The National Audit Office (NAO) has published a report announcing that the UK doesn't have enough skilled workers to protect it against online attacks and asking Blighty's schoolkids to step into the breach.
The number of cyber security professionals in the UK has not increased in line with internet growth, according to the NAO, which blames the skills gap on a lack of promotion of science and technology subjects at school.
The report recommends that schools step up technology and cyber security lessons, in the hope of creating a new generation of IT specialists. But the report says that even if this happens the lack of experts may leave Britain vulnerable to cyber attacks for up to 20 years.
Amyas Morse, head of the NAO, said that “the threat to cyber security is persistent and continually evolving. Business, government and the public must constantly be alert to the level of risk if they are to succeed in detecting and resisting the threat of cyber attack."
Two years ago, the National Cyber Security Programme allocated £650m over five years to boost the UK's cyber-security defences, after deciding that cyber threats posed a tier-one threat on a par with international terrorism to the UK's security. The central power in controlling that budget has become GCHQ, although the police and other agencies have also benefited.
Last year the government announced that it would be putting £8m towards the development of security skills at universities in order to shore up the battle against cybercrime.
Ross Parsell, director of cyber security at defence technology firm Thales, agreed that the government agency should look to schools to provide its future web defence force.
"To tempt talented people into a career in cyber security, the government needs to get them while they’re young," Parsell said. "Last month’s announcement that the government is to make Computer Science a core subject being taught in British schools is a step in the right direction.
"The challenge now is to ensure that the dots are joined up between policies like this at national level and the curriculum being delivered at our schools, colleges and universities,” Parsell added.
The NAO identified six key challenges faced by the government in implementing its cyber security strategy. These included the need to "influence industry to protect and promote itself and UK plc"; to address the UK’s current and future ICT and cyber security skills gap; to increase awareness so that people are not the weakest link; to tackle cyber crime and enforce the law; to get government to be more agile and joined-up; and to demonstrate value for money.

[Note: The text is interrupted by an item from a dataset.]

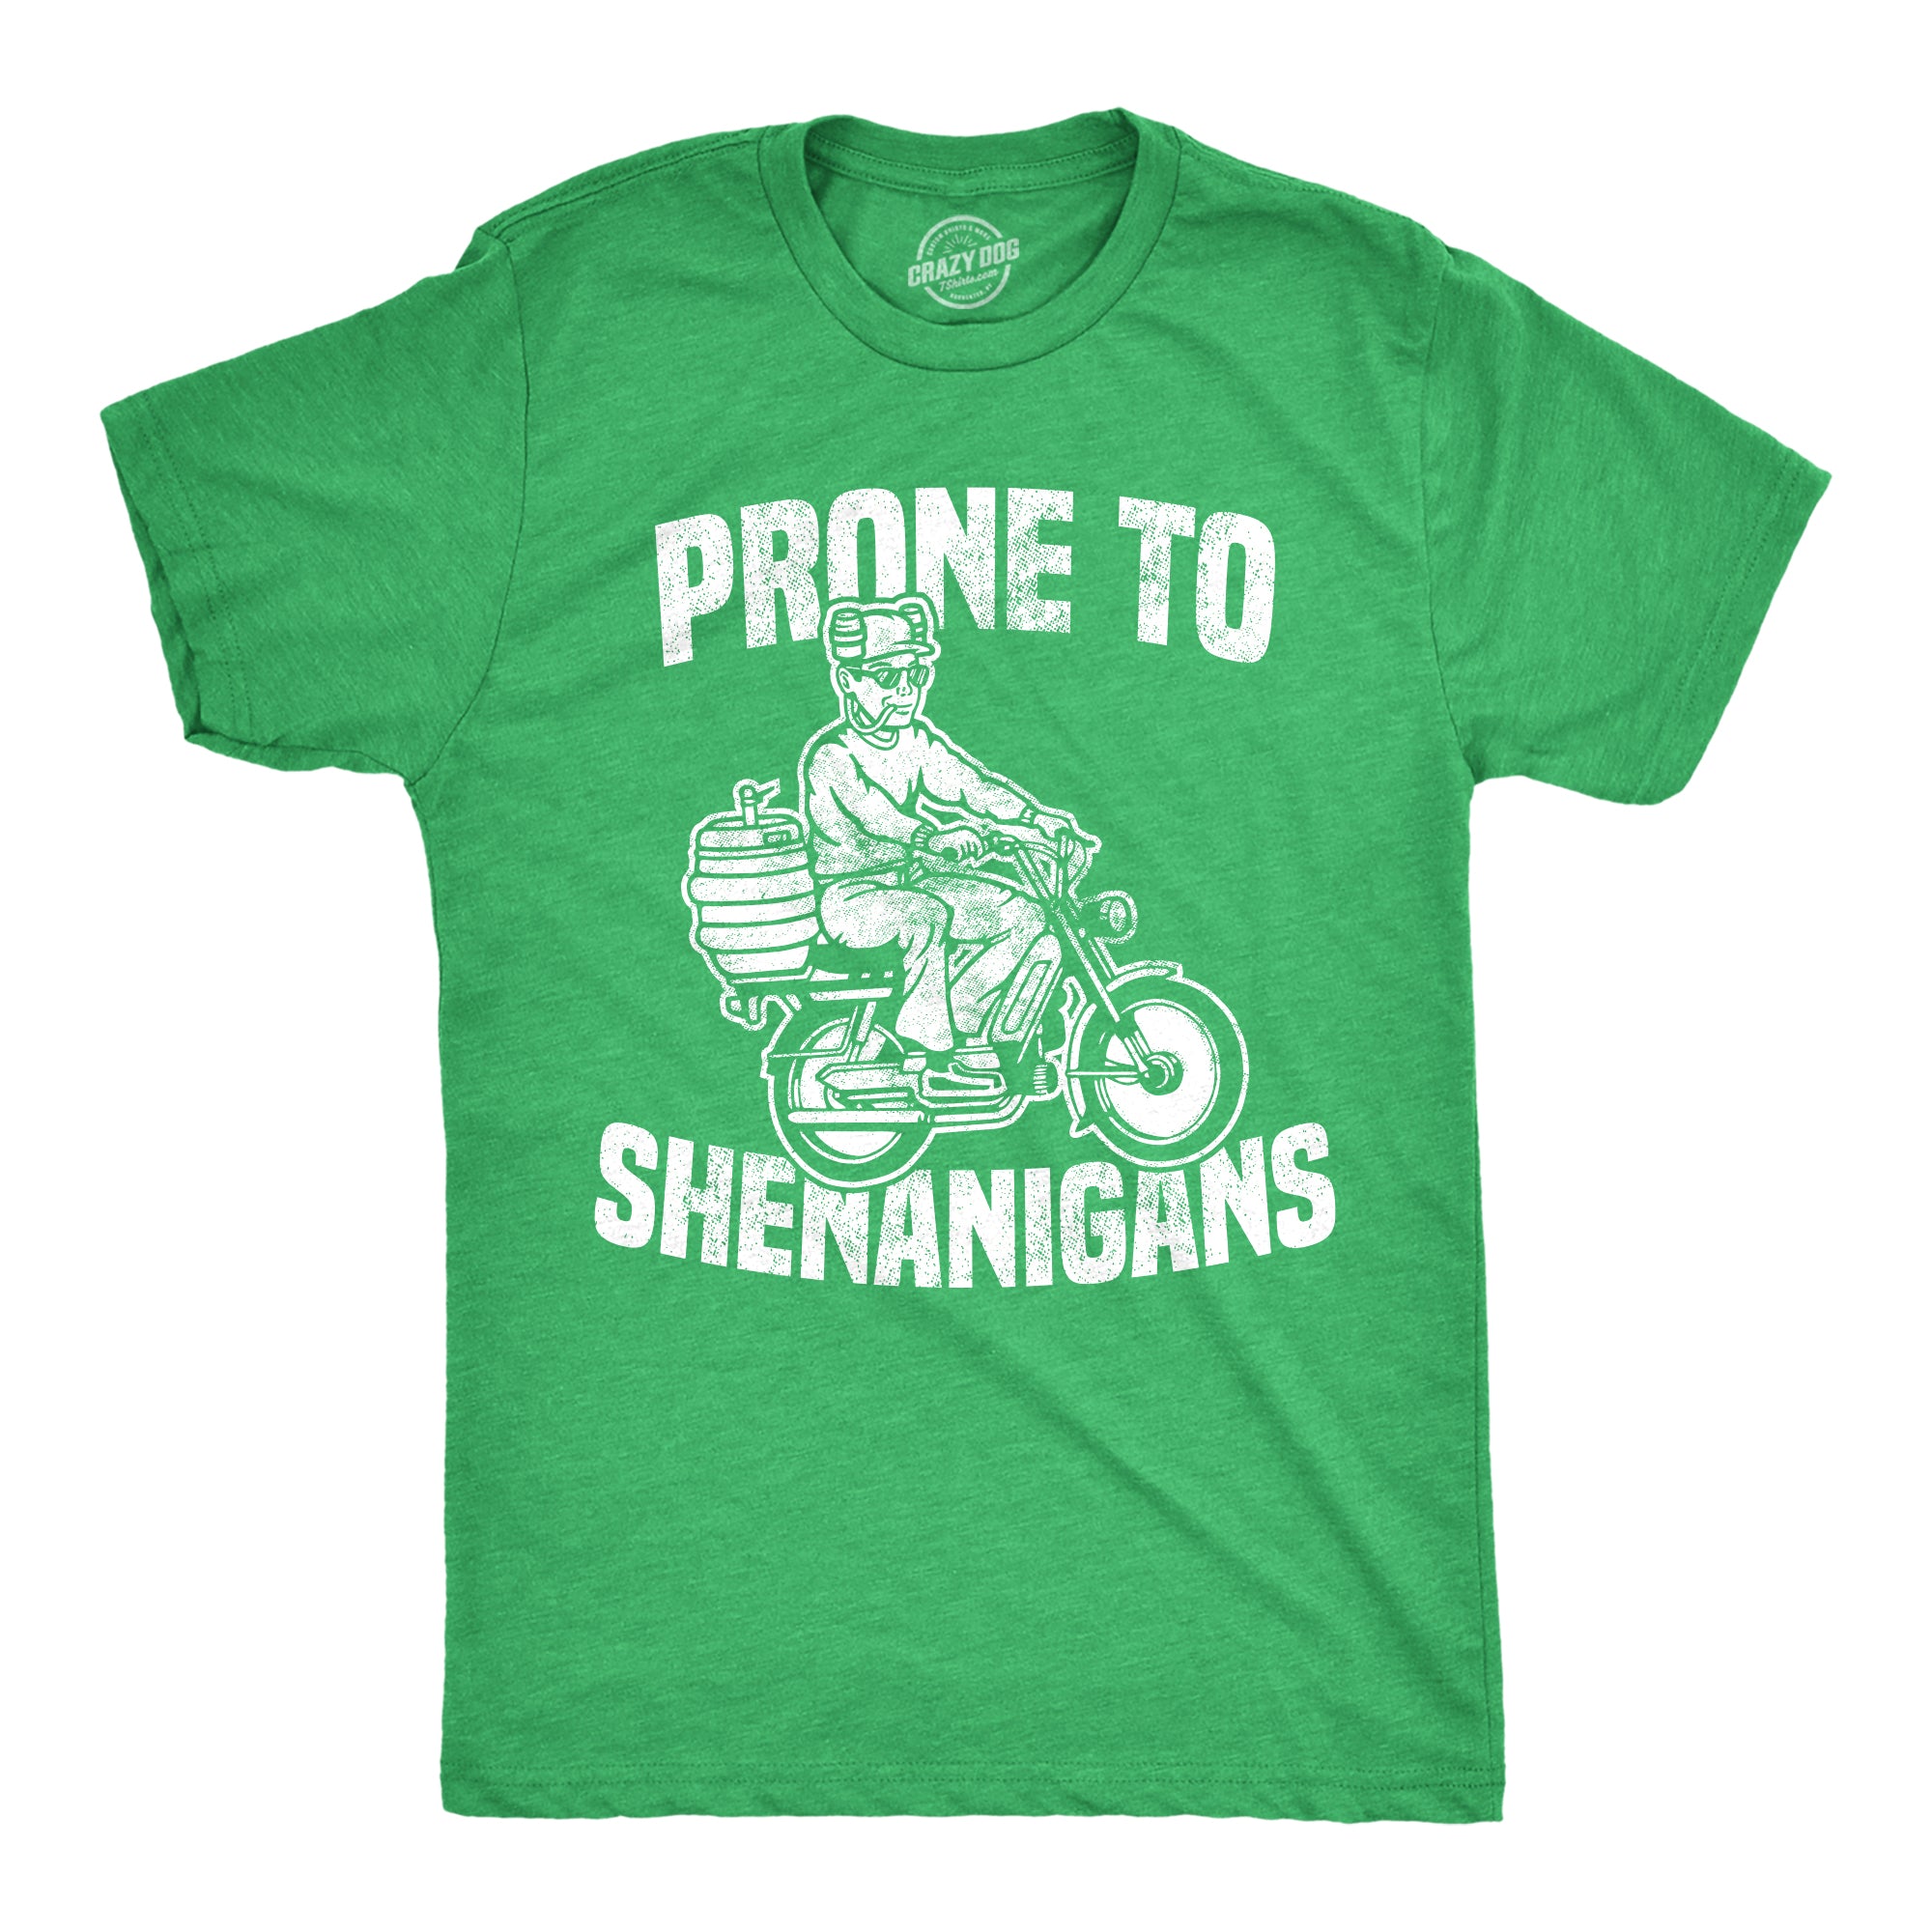 Funny Heather Green - Prone to Shenanigans Prone To Shenanigans Mens T Shirt Nerdy Saint Patrick's Day Tee
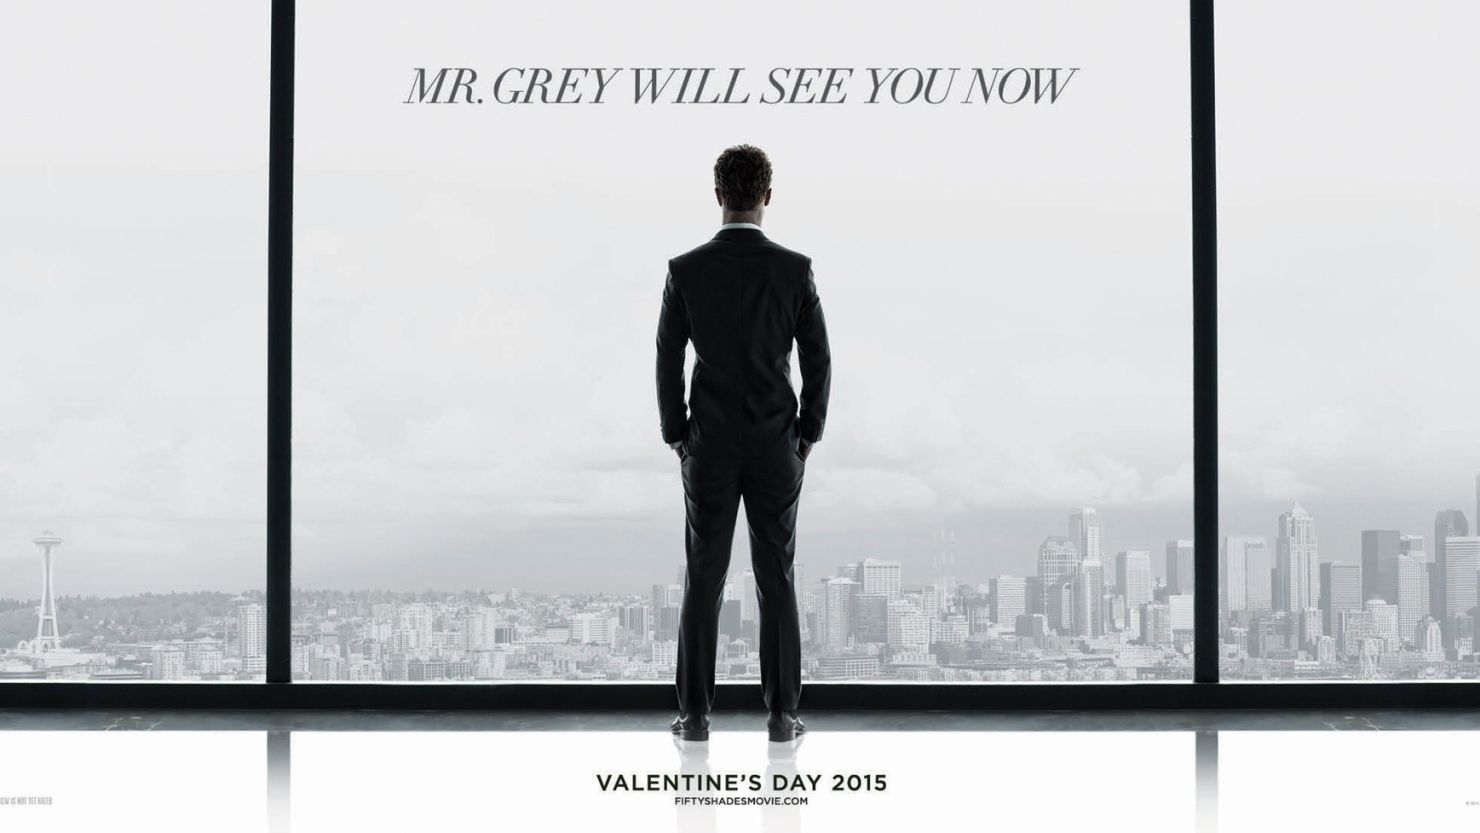 Poster of Focus Features' "Fifty Shades of Grey" film

Its report - published on Tuesday - is designed to set the scene for future political debate about the UK's Cyber Security Strategy by groups like MPs on the Committee of Public Accounts.
IT security firms nearly all single out the skills shortage as the most important issue covered in the NAO's UK cyber security strategy: Landscape review report.
Jarno Limnell, director of cyber security for firewall firm Stonesoft, praised the NAO's analysis and blasted the EU's new ceybersecurity directive for "throwing money" at the problem.
"The UK NAO report is a breath of fresh air, especially in light of last week’s misguided proposal by the European Union which suggested that cyber threats can be solved by creating more statutes, directives and restrictions," Limnell said. “Correctly, the NOA doesn’t just recommend throwing money at the problem. The right approach should be based on a strategic and technical understanding of the risk. This is the only way that the appropriate levels of defensive and offensive cyber security measures can be implemented and the relevant expertise acquired or nurtured. This leads to both cost efficiencies and better national security defences against cyber attacks.”
Thurstan Johnston, sales engineer at security tools firm Faronics, said that organisations need to think beyond relying on traditional security tools (antivirus, firewall and intrusion prevention) as well as worrying about recruitment.
"There is no question that a shortage of skilled professionals is extremely detrimental to our cyber defence effort and it is something the government seriously needs to address...
“However, there is not just a skills gap to consider, but also a huge awareness gap that needs to be filled. Many organisations still believe that they are sufficiently protected with just a good security package, which not only indicates blazing ignorance, but also a lazy approach to combating cyber crime that could have expensive consequences." ®
"The cost of cyber crime to the UK is currently estimated to be between £18 billion and £27 billion," according to widely diverging estimates about the cost of cyber crime cited by the NAO. It also quotes figures of 44 million cyber attacks against the UK in 2011, again without quoting sources. Do port scans count? Because if they do I could probably get somewhere near that figure just from events on a personal ZoneAlarm log over a month or so alone.
Yes, we exaggerate - but only a bit.
Cyberthreat estimates are a notorious inexact science, as we've noted more than a few times, and stats in government reports on cyber-security are best ignored. If health policy were based on a similar unscientific methodology then we might end up prescribing everyone in the UK sugar pills to combat winter flu, after taking evidence from homeopaths, assuming that group shouted the loudest in medical discussions.